I drove over expecting to talk to Cordelia Clayson in a detention room. Instead, I was ushered into a room on the fourth floor lined with books and what looked like cans of film. Don introduced me to Sergeants Polanski and Verrick and left. “Can’t watch this shit, Lew. Daughters of my own,” he said.

“Something we picked up at a party down on Esplanade,” Polanski told me. “Thought you’d be interested.”

While he was talking he threaded film into a projector. When he raised his hand, Verrick hit the lights and there we were, in dreamland.

A big white dude in black socks was doing things to a young black girl. Alternately fucking and sucking and beating and lecturing her on the philosophy of the bedroom and woman’s natural submission. It sounded like something out of de Sade by way of Heffner and Masters and Johnson-the redeeming social significance, I guess.
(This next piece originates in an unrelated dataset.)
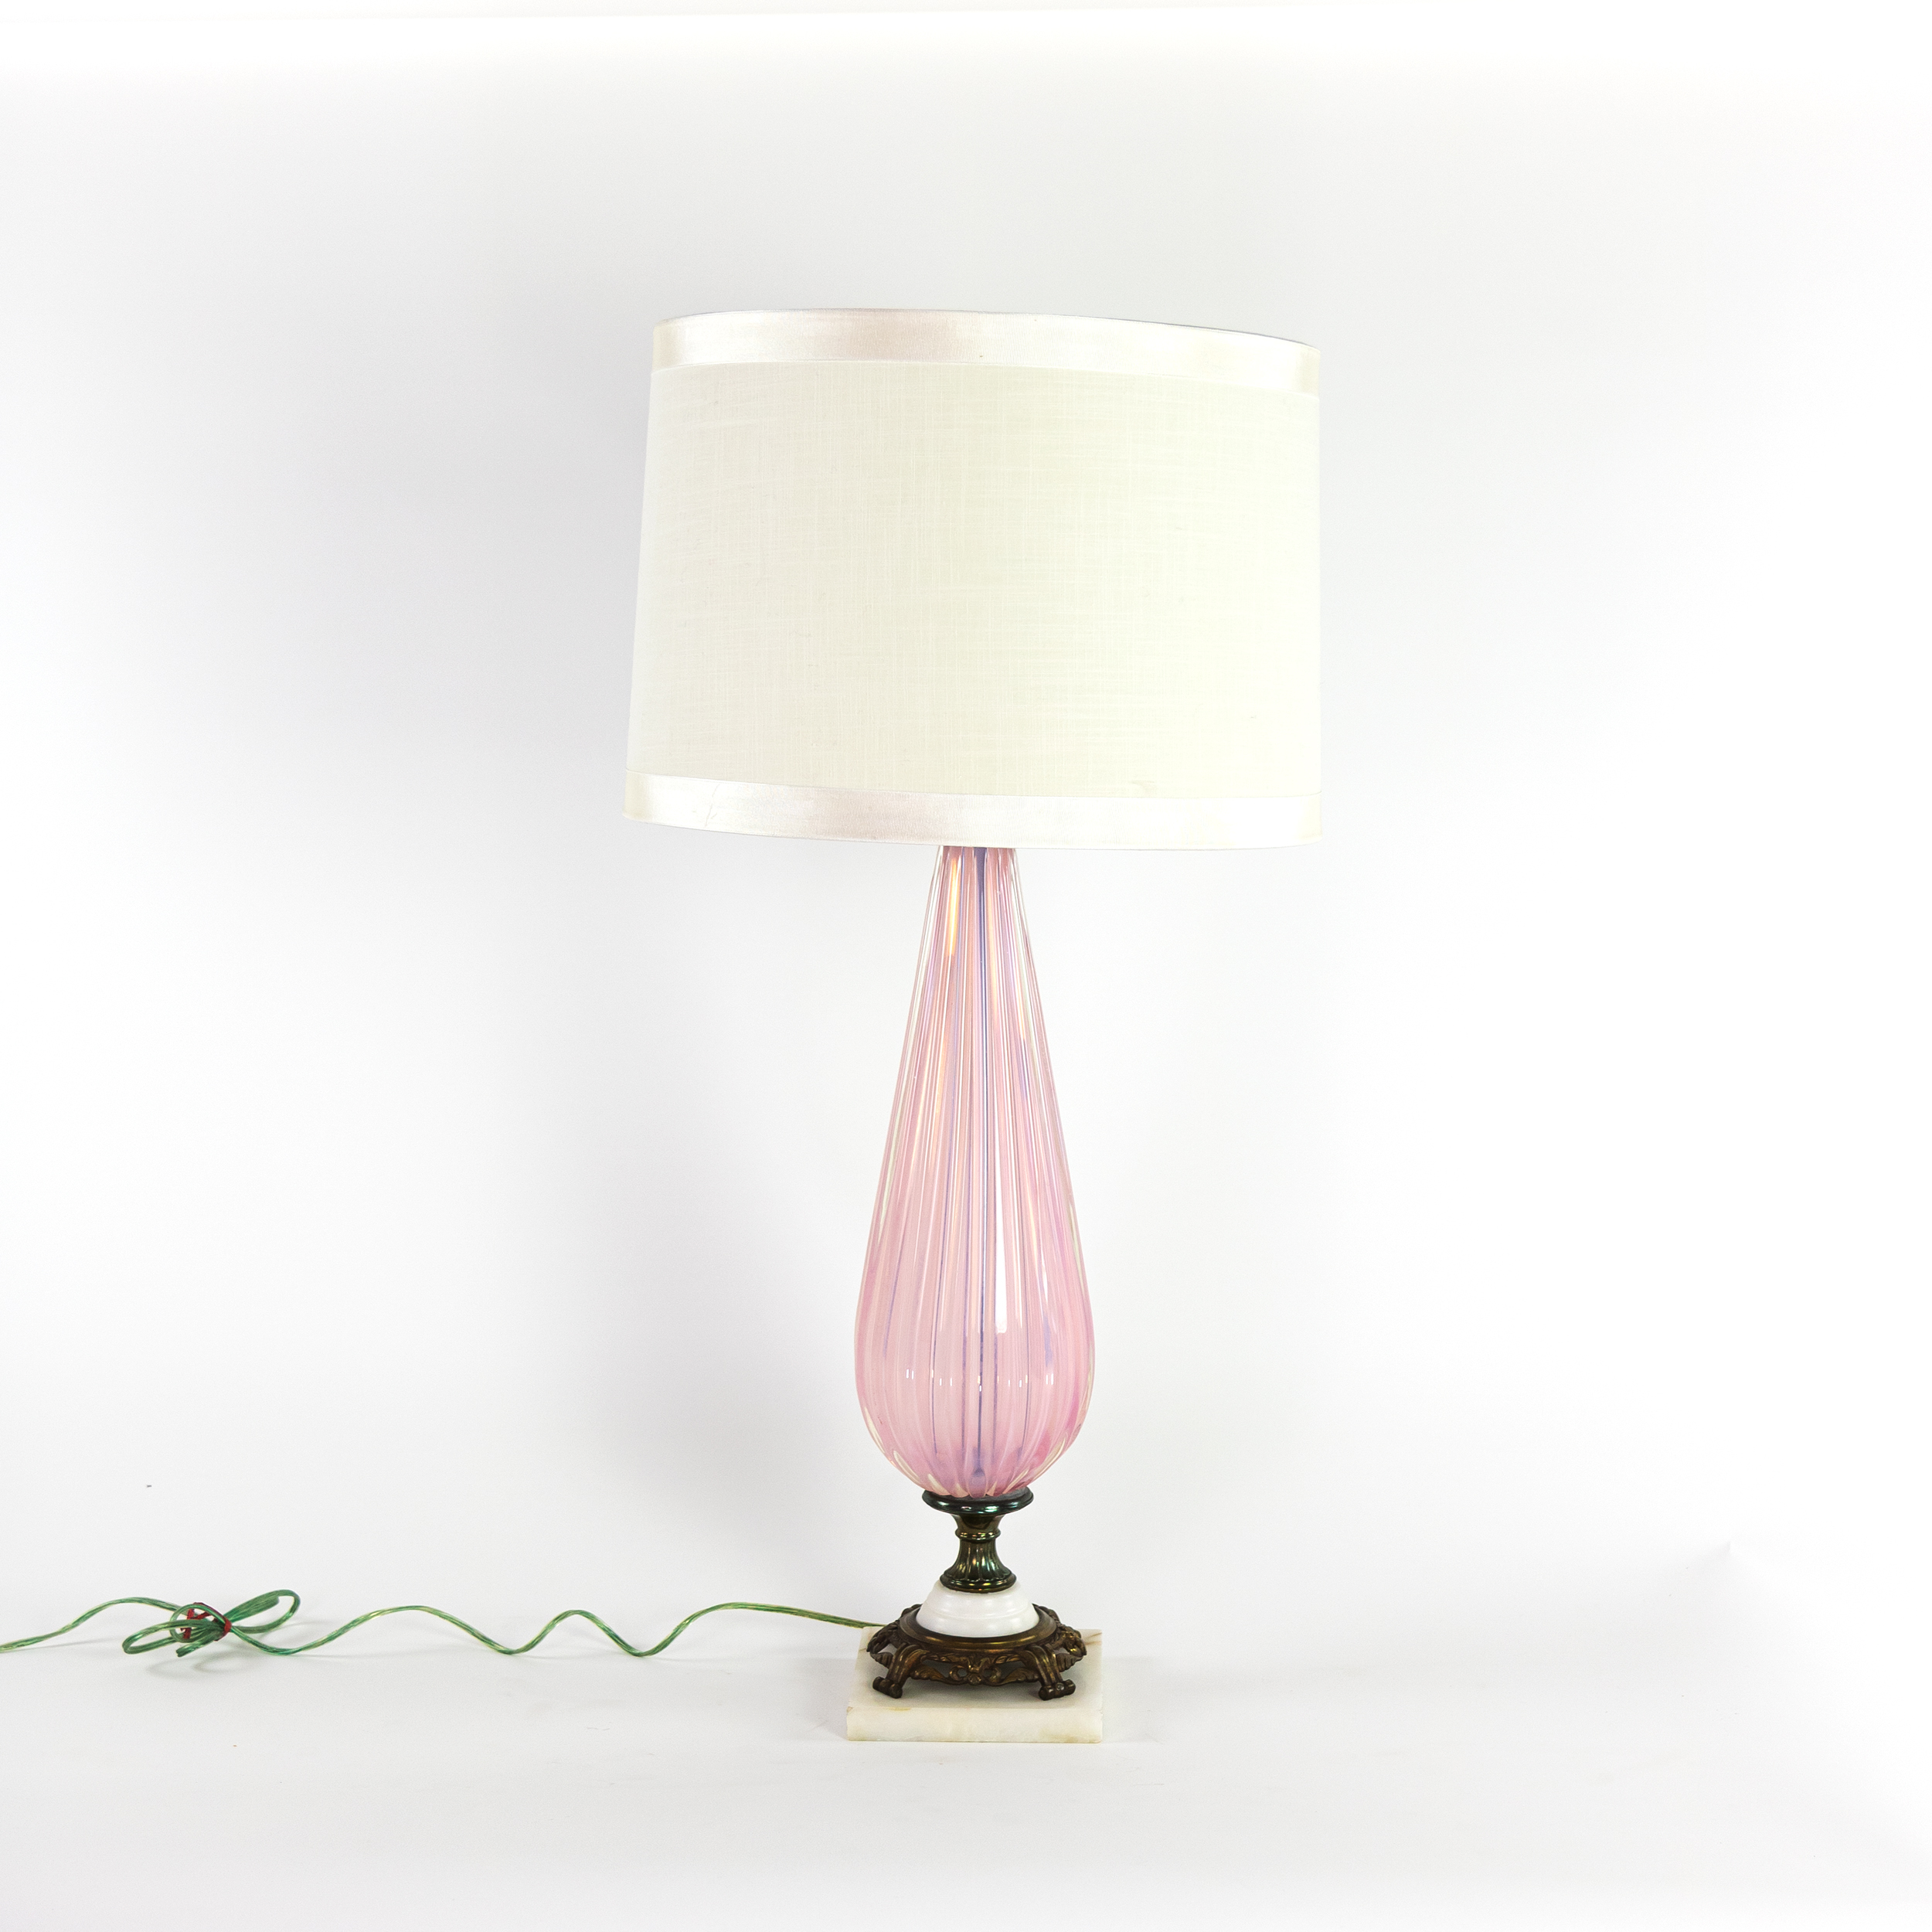 studieafgift Martyr høflighed Pink Murano Glass Table Lamp With Brass Feet On White Marble Base, Italy  Circa 1960. - Garden Court Antiques

It was cheaply made, frames jumpy, figures and faces out of focus. But the girl was undeniably Cordelia.

The film lasted maybe fifteen minutes. Nobody said a word the whole time.

“Your girl?” Polanski said when it was over and the lights were back on.

I nodded.

“Who made it-you know?” I said after a moment.

“Guy by the name of Sanders. You get to know them by their style after a while-camera angles, things like that. Bud Sanders. Rents a cheap motel room, turns a girl up high on speed or whatever’s going, and rolls the camera. Mostly the men are the same ones over and over.”

“You pick him up?”

“What the hell for?” Polanski said. “He’d be back out on the street before we started the paper-work.”

“What about community standards?”

“You’re kidding. In New Orleans?”

“We could try,” Verrick added, “keep him busy a while. But it wouldn’t be long. Nothing would stick. Water off a duck’s back. Then he’d just go out and rent a new camera and start all over again.”

I nodded. I’d seen porn films in my time, some in the line of business, a few for pleasure, but this one had really got to me. I was thinking about Mr. and Mrs. Clayson up on Jackson Avenue and what I’d tell them.